Much more diversity in funding is needed to bring new players and ideas to the HIV vaccine research table, and to replicate the “can-do, must-do” mindset that guided Covid-19 vaccine development. In that highly successful approach, a diversified, global pool of public and philanthropic organisations supported every phase of research, from basic science through late-stage research and development (R&D), and they funded every reasonably promising Covid-19 vaccine approach.

  1. Nothing happens without collaboration   

The search for Covid-19 vaccines has also been marked by unprecedented scientific collaboration and innovation. Covid-19 researchers were encouraged to think creatively, pursue multiple leads simultaneously, pool data, engage in open-source research and collaborate across labs and institutions — also with researchers working on other diseases. It’s a revolutionary approach to innovation that HIV advocates have been calling for for years.

  1.  Conducting trials in parallel produces rapid results 

Covid-19 research applied cutting-edge trial designs that tested multiple vaccine candidates and approaches simultaneously, conducted critical trials in parallel rather than sequentially, and moved quickly to expand trials of promising vaccines to tens of thousands of participants, which produced rapid results.

  1. Advance purchase agreements lead to early manufacturing

Advance government and Covax commitments to purchase Covid-19 vaccines, and the reservation of capacity to manufacture them before trial results were in, incentivised some vaccine developers and smoothed the transition from research to production.
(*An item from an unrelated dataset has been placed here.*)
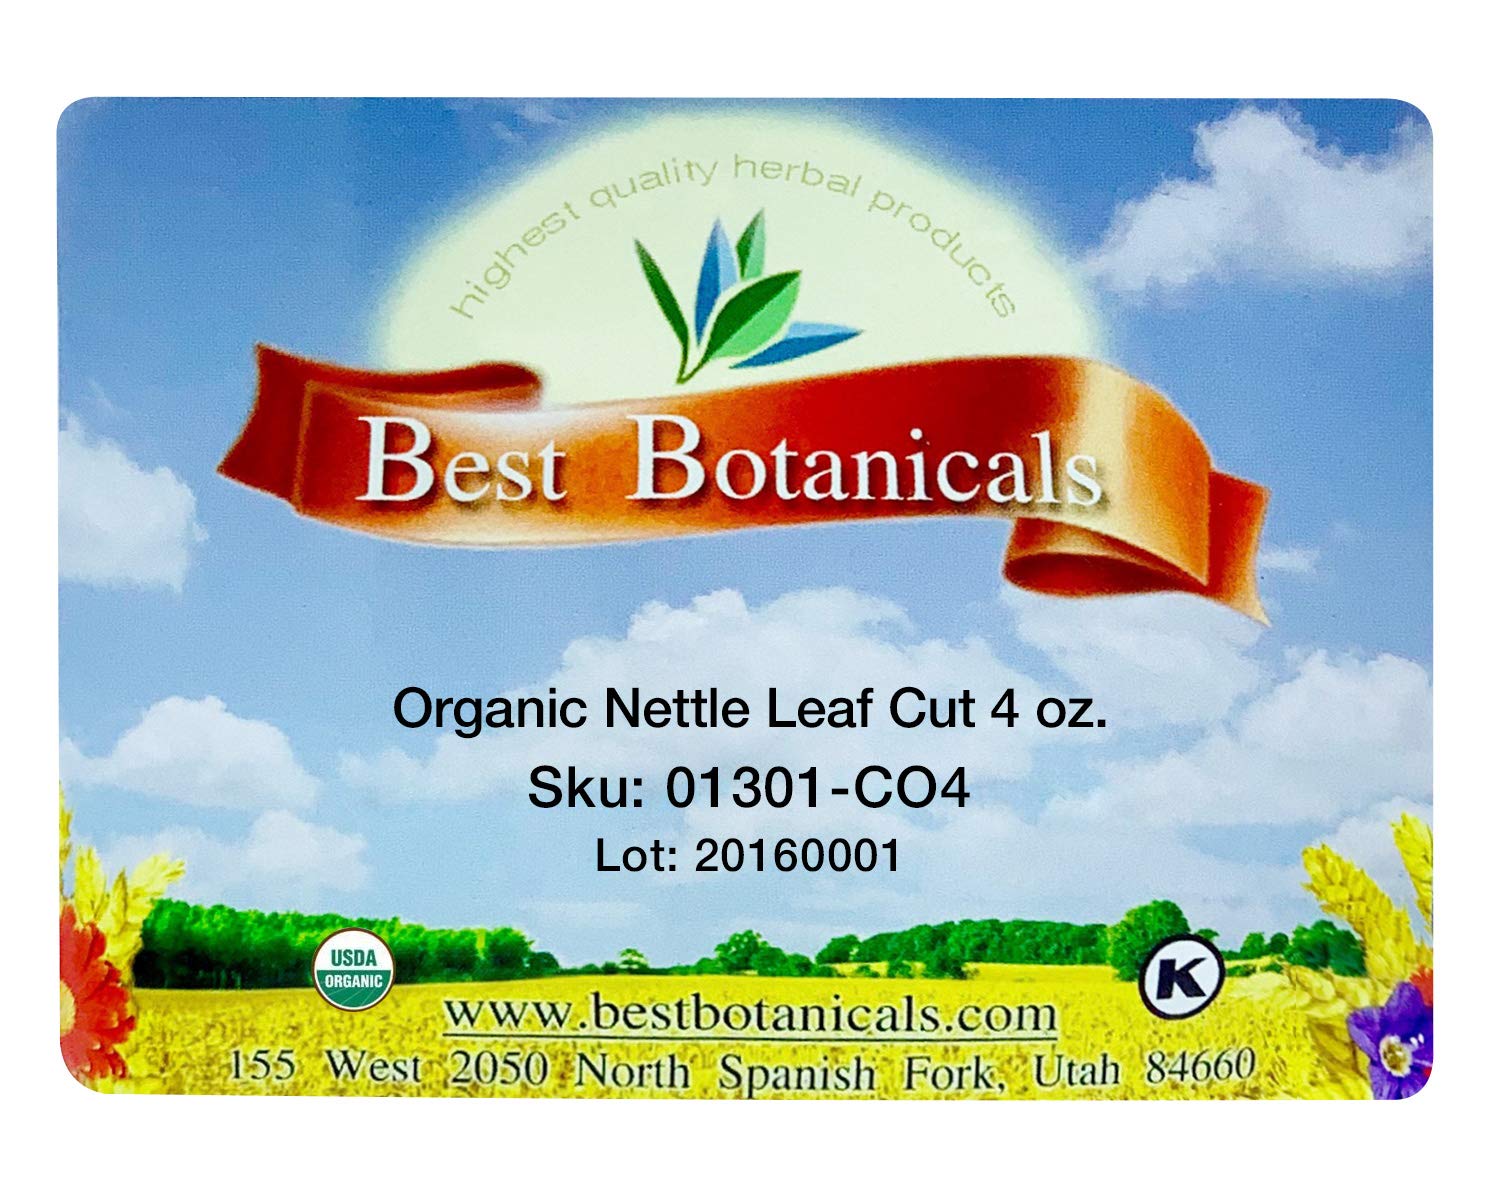 Best Botanicals Nettle Leaf Cut 4 oz. (Organic)
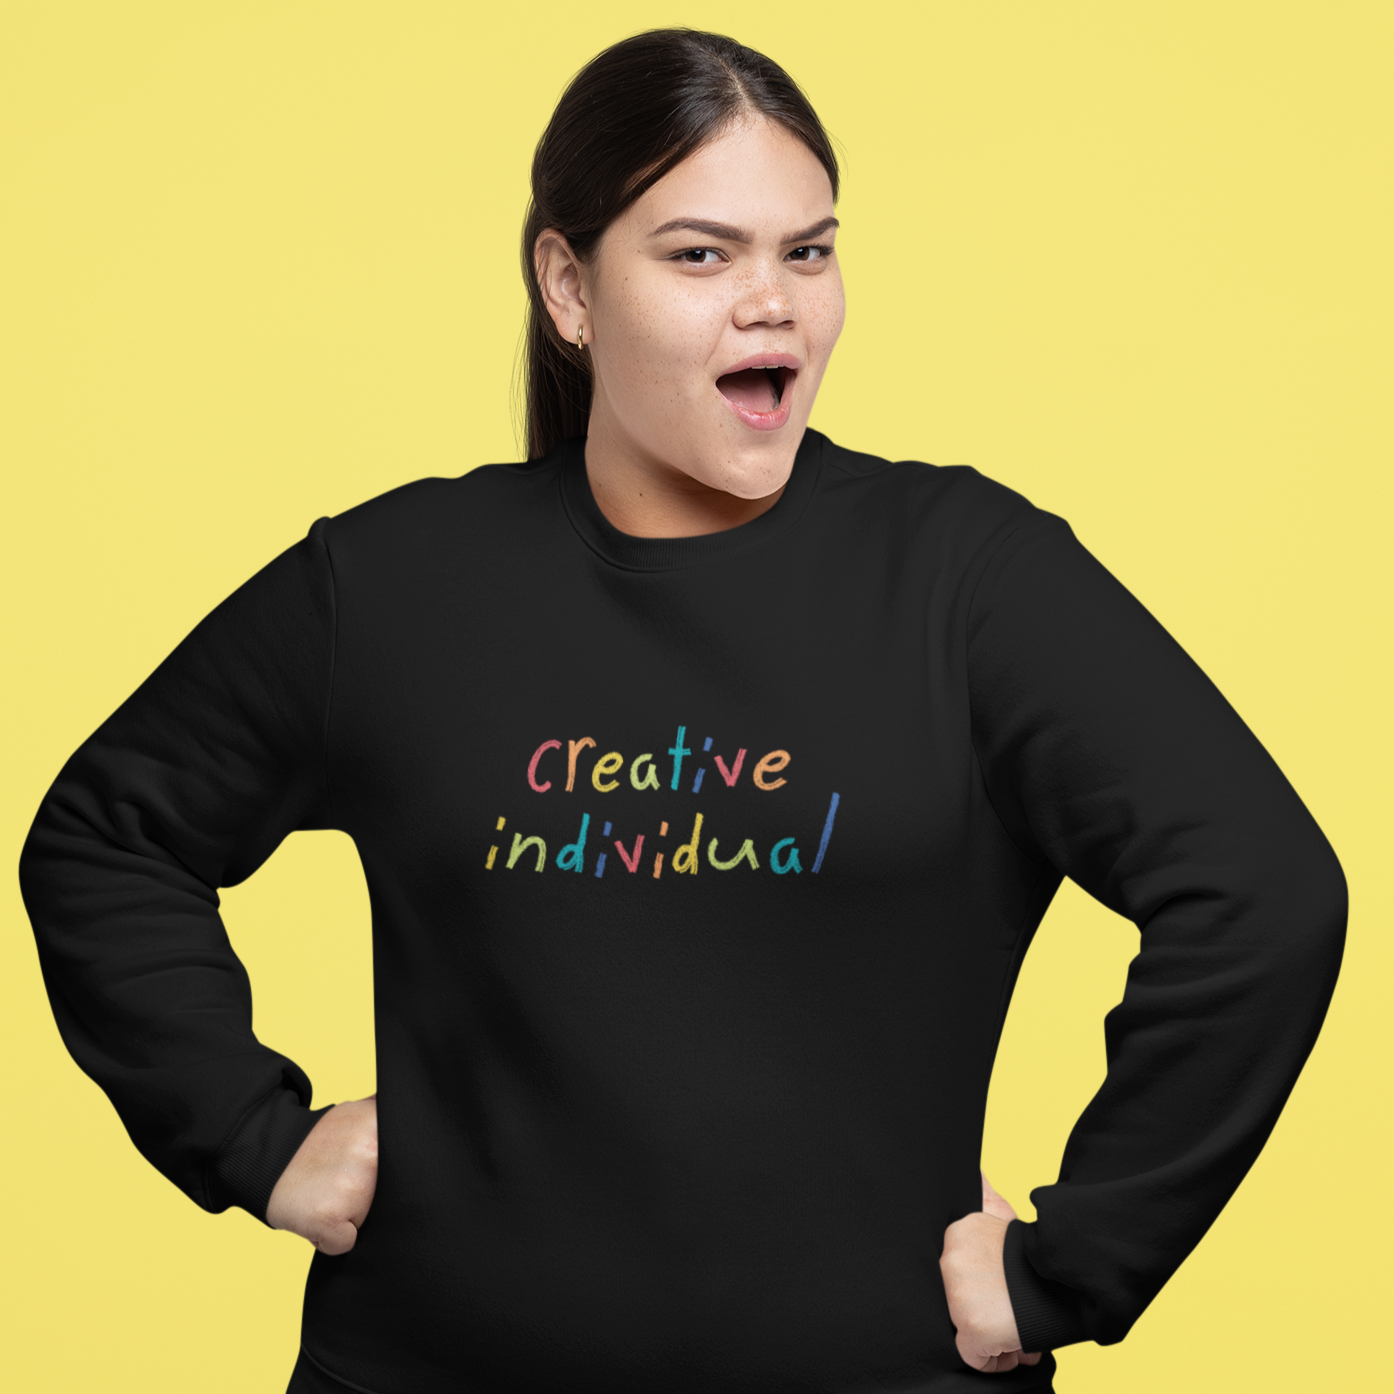 Creative Individual Sweatshirt

This collaborative, publicly-funded approach led many groups and organisations, including both of ours (Health Justice Initiative and Avac), to describe the outcome of those incentives – the multiple safe and effective Covid-19 vaccines – as a “people’s vaccine”.

A global sense of urgency was also essential to producing Covid-19 vaccines in record time. That can be harder to create and maintain for diseases that have been around for decades, such as HIV, or for centuries, like TB. Each of these, however, along with malaria, sleeping sickness, leishmaniasis, Chagas disease, river blindness, mycetoma and others, are not only public health crises but also major barriers to achieving the UN Sustainable Development Goals, and must be framed as top global vaccine development priorities.

The Covid-19 response proved that sufficient funding, an emphasis on collaboration and a willingness to use cutting-edge research approaches can shorten vaccine research timelines by years. However, the results of those innovations are not translating quickly or equitably enough to ending this pandemic, or building pandemic preparedness for the future. 

Today, the world’s wealthiest countries, with 14% of the global population, hold half of the global Covid-19 vaccine supply. Nearly half of US residents have received at least one dose of Covid-19 vaccine, as opposed to less than 1% of South Africans.

This startling level of inequity speaks for itself, and greatly diminishes both faith in vaccines and the world’s commitment to equity. Scientific R&D is meaningless without equally robust investment in and commitment to the final “d”: delivery.

HIV vaccine research is gaining important momentum, with several large clinical studies underway and important new discoveries in fields such as antibodies and germline targeting technology. This HIV Vaccine Awareness Day (18 May), the challenge before us is to combine that scientific momentum with vaccine development and access approaches that build on Covid-19’s successes and learn from its mistakes. Doing so could jump-start a new global era in vaccine research and health equity. 

Fatima Hassan is the founder and director of the Health Justice Initiative. Mitchell Warren is the executive director of the US-based advocacy organisation, AVAC.